How Clifford Jackman wrote The Winter Family
Clifford Jackman has been a writer since his youth but only this year did the lawyer publish his first novel, The Winter Family. It follows a band of outlaws from the end of the American Civil War to their final standoff in Oklahoma in 1891, and was a finalist for the Governor General's Literary Award for Fiction this year. While the book has proved a success, it took a long time for Jackman to find what he was good at writing. This interview originally aired on December 7, 2015.

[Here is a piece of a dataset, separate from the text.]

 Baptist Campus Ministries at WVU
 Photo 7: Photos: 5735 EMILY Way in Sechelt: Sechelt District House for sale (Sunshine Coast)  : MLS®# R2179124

Although The Winter Family is my first published novel, I've written at least eight others that were never published. Back in high school, I was interested in science fiction and fantasy, and I started several projects in that area. I finished my first novel when I was 21 years old — it was a fantasy novel set in a world with two different races that were fighting each other. My next novel was also fantasy. Then I wrote a historical novel about Jack the Ripper. And I wrote different books throughout my twenties. At this time I didn't show my work to anyone; I didn't submit anything for publication. I just wrote them and put them in a drawer.
Eventually, I decided I wanted to write something that would get published. My first idea was to write a novel about the CIA's drug dealings in Nicaragua in the 1980s — I didn't finish it. I figured the problem was that I wasn't writing from what I knew, so I decided to write what I did know, which was being a lawyer in Toronto because that's what I was doing at the time. But before I did I took a break and wrote a short story called "Oklahoma, 1891" about a band of outlaws. Then I started working on the more marketable novel and I did finish it, but it was a slough. By the time I finished, I knew I hadn't written a good novel, again. As you can imagine, I was a bit dispirited because I'd written numerous books that weren't very good.
So I decided to take a break and I wrote some more short stories set in the same world as "Oklahoma, 1891." Eventually, I wrote four more stories and suddenly realized that I had put together a book that was more marketable than I realized. I met an agent, and the book found a publisher, and the rest is history.
Clifford Jackman's comments have been edited and condensed.